The raison d'être of the SSI Clustering project is to provide a full, highly available SSI environment for Linux. Goals for this project include availability, scalability and manageability, using standard servers. Technology pieces include: membership, single root and single init, single process space and process migration, load leveling, single IPC, device and networking space, and single management space.
The SSI project was seeded with HP's NonStop Clusters for UnixWare (NSC) technology. It also leverages other open source technologies, such as Cluster Infrastructure (CI), Global File System (GFS), keepalive/spawndaemon, Linux Virtual Server (LVS), and the Mosix load-leveler, to create the best general-purpose clustering environment on Linux.
The CI project is developing a common infrastructure for Linux clustering by extending the Cluster Membership Subsystem (CLMS) and Internode Communication Subsystem (ICS) from HP's NonStop Clusters for Unixware (NSC) code base.
GFS is a parallel physical file system for Linux. It allows multiple computers to simultaneously share a single drive. The SSI Clustering project uses GFS for its single, shared root. GFS was originally developed and open-sourced by Sistina Software. Later they decided to close the GFS source, which prompted the creation of the OpenGFS project to maintain a version of GFS that is still under the GPL.
keepalive is a process monitoring and restart daemon that was ported from HP's Non-Stop Clusters for UnixWare (NSC). It offers significantly more flexibility than the respawn feature of init.
spawndaemon provides a command-line interface for keepalive. It's used to control which processes keepalive monitors, along with various other parameters related to monitoring and restart.
Keepalive/spawndaemon is currently incompatible with the GFS shared root. keepalive makes use of shared writable memory mapped files, which OpenGFS does not yet support. It's only mentioned for the sake of completeness.

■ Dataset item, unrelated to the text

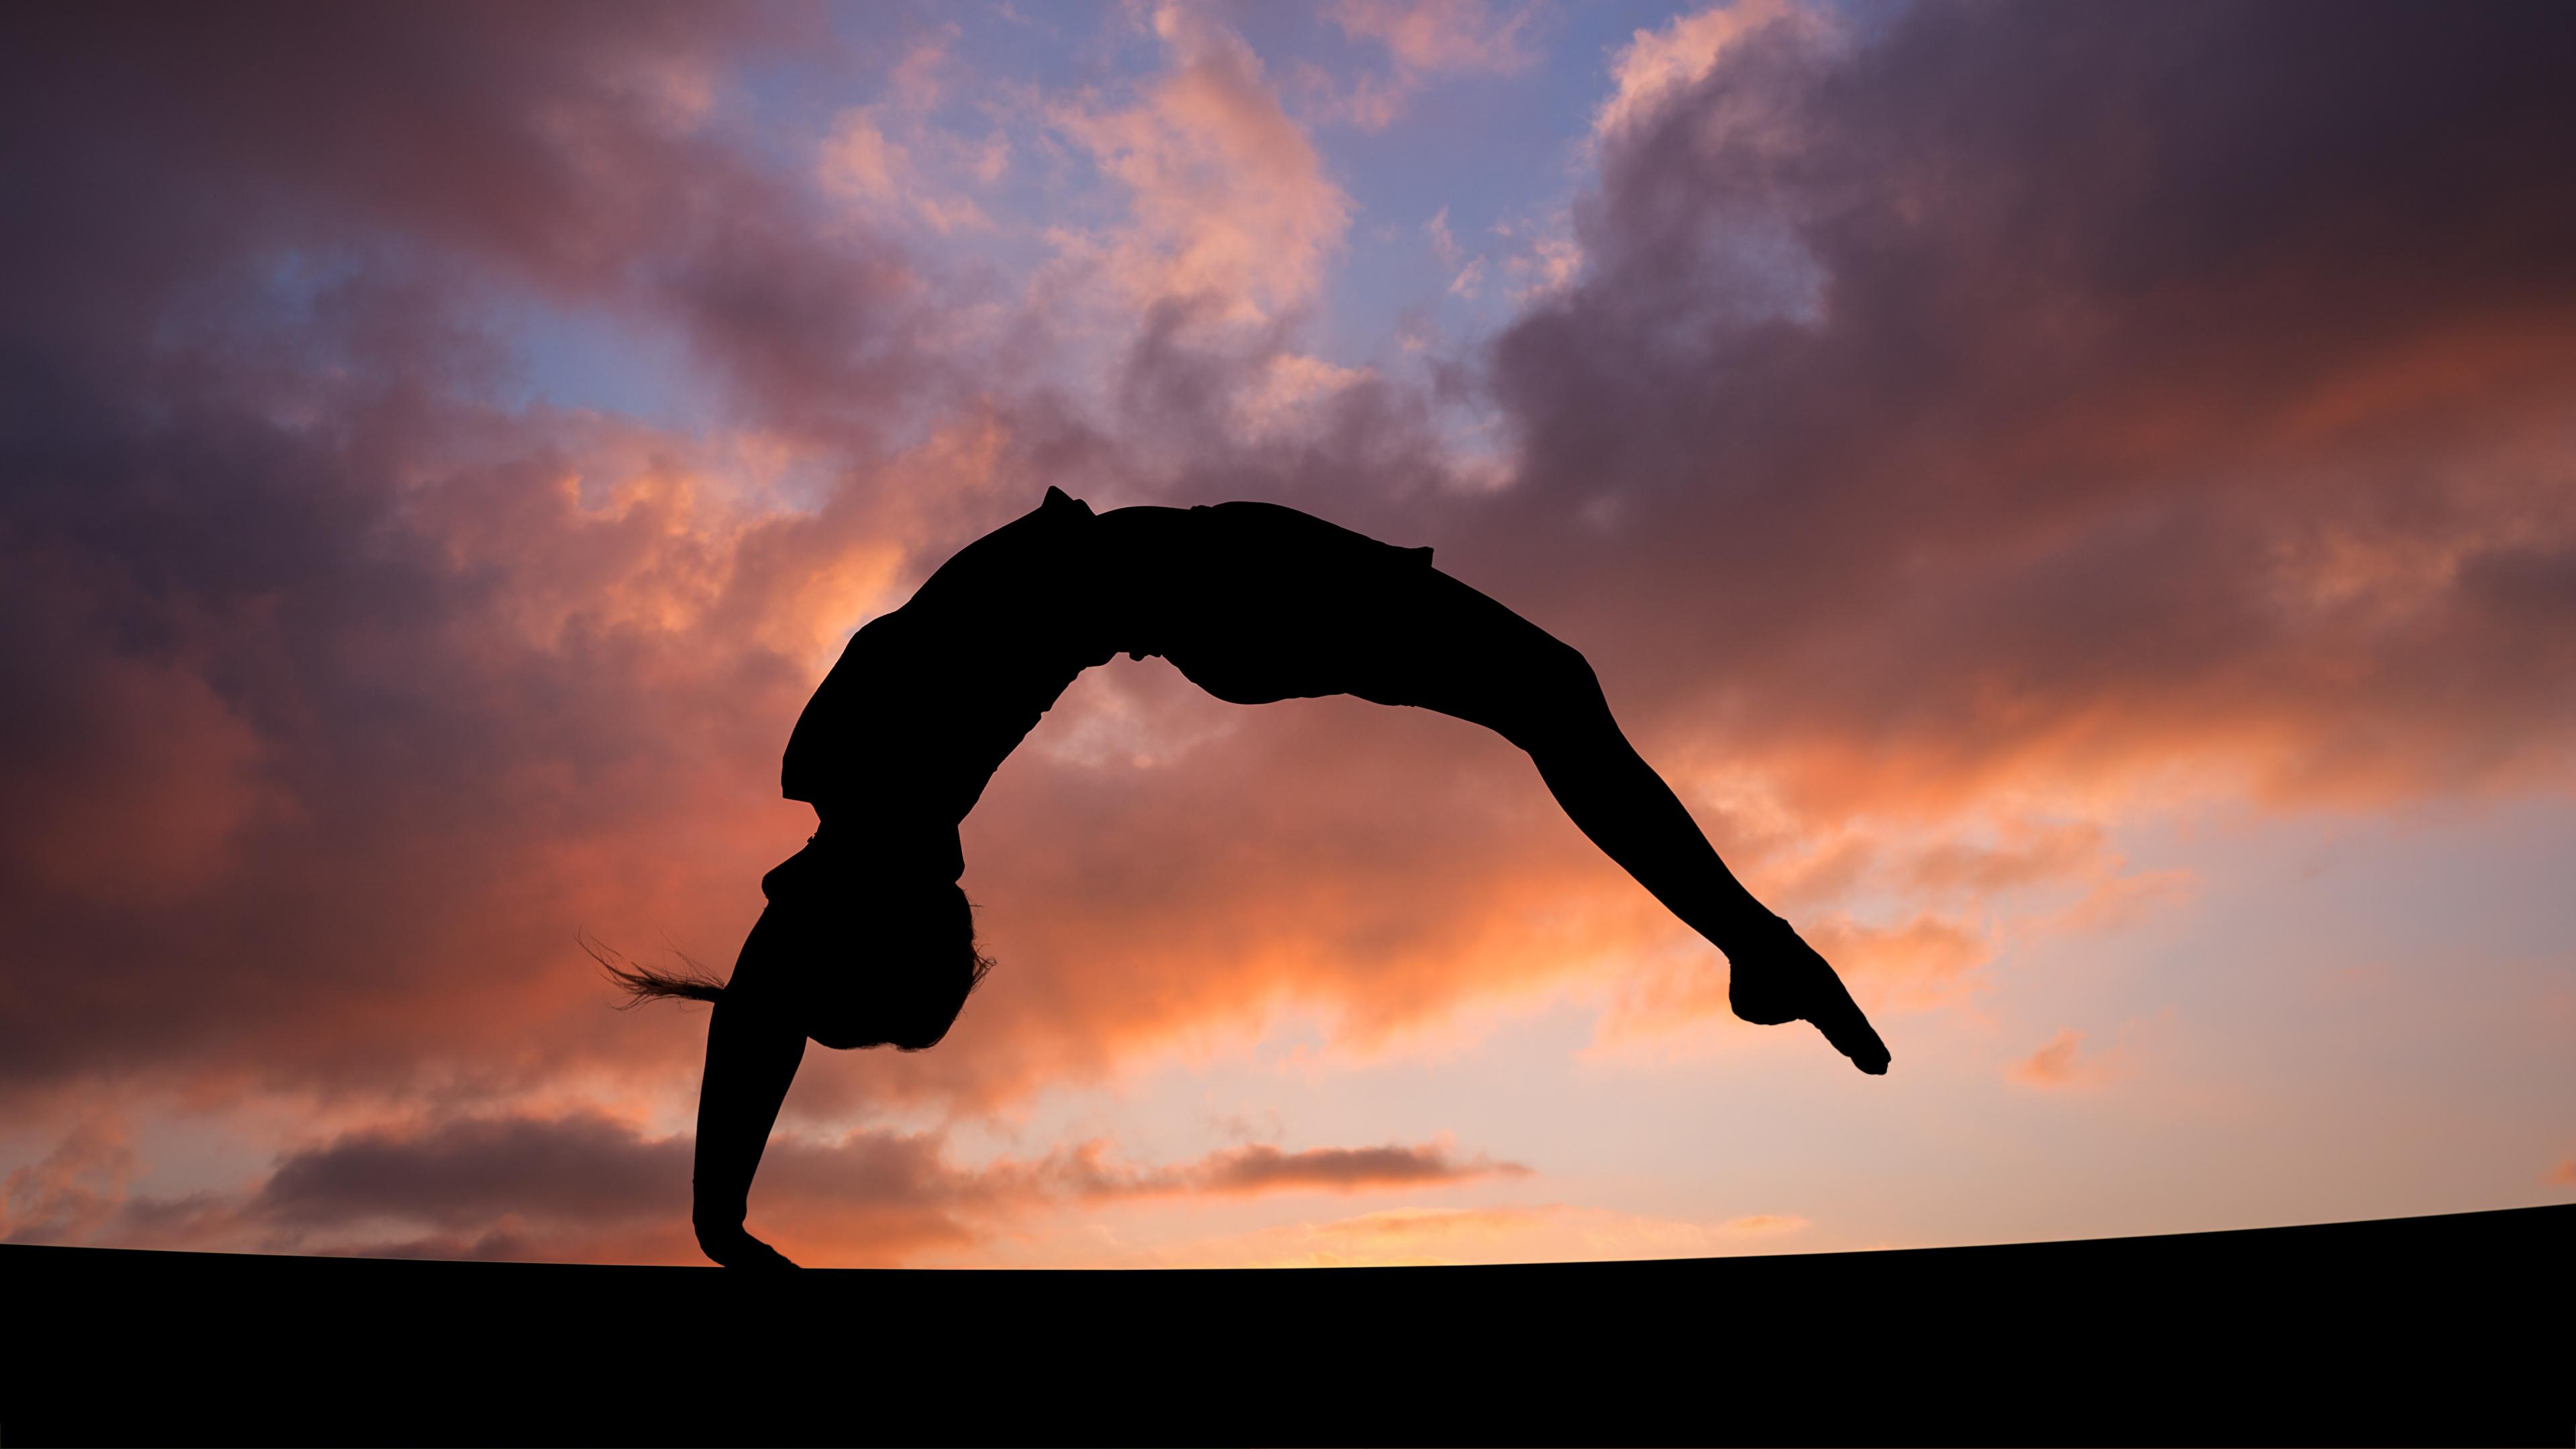 Фото физическое упражнение силуэты девушка спортивные Гимнастика Вечер 3840x2160 Тренировка тренируется Силуэт силуэта Спорт Девушки спортивный спортивная молодые женщины молодая женщина

LVS allows you to build highly scalable and highly available network services over a set of cluster nodes. LVS offers various ways to load-balance connections (e.g., round-robin, least connection, etc.) across the cluster. The whole cluster is known to the outside world by a single IP address.
The SSI project will become more tightly integrated with LVS in the future. An advantage will be greatly reduced administrative overhead, because SSI kernels have the information necessary to automate most LVS configuration. Another advantage will be that the SSI environment allows much tighter coordination among server nodes.
LVS support is turned off in the current binary release of SSI/UML. To experiment with it you must build your own kernel as described in Section 4.
The Mosix load-leveler provides automatic load-balancing within a cluster. Using the Mosix algorithms, the load of each node is calculated and compared to the loads of the other nodes in the cluster. If it's determined that a node is overloaded, the load-leveler chooses a process to migrate to the best underloaded node.
Only the load-leveling algorithms have been taken from Mosix. The SSI Clustering project is using its own process migration model, membership mechanism and information sharing scheme.
The Mosix load-leveler is turned off in the current binary release of SSI/UML. To experiment with it you must build your own kernel as described in Section 4.
User-Mode Linux (UML) allows you to run one or more virtual Linux machines on a host Linux system. It includes virtual block, network, and serial devices to provide an environment that is almost as full-featured as a hardware-based machine.
The following are various cluster types found in use today. If you use or intend to use one of these cluster types, you may want to consider SSI clustering as an alternative or addition.
High performance (HP) clusters, typified by Beowulf clusters, are constructed to run parallel programs (weather simulations, data mining, etc.).
Load-leveling clusters, typified by Mosix, are constructed to allow a user on one node to spread his workload transparently across all nodes in the cluster. This can be very useful for compute intensive, long running jobs that aren't massively parallel.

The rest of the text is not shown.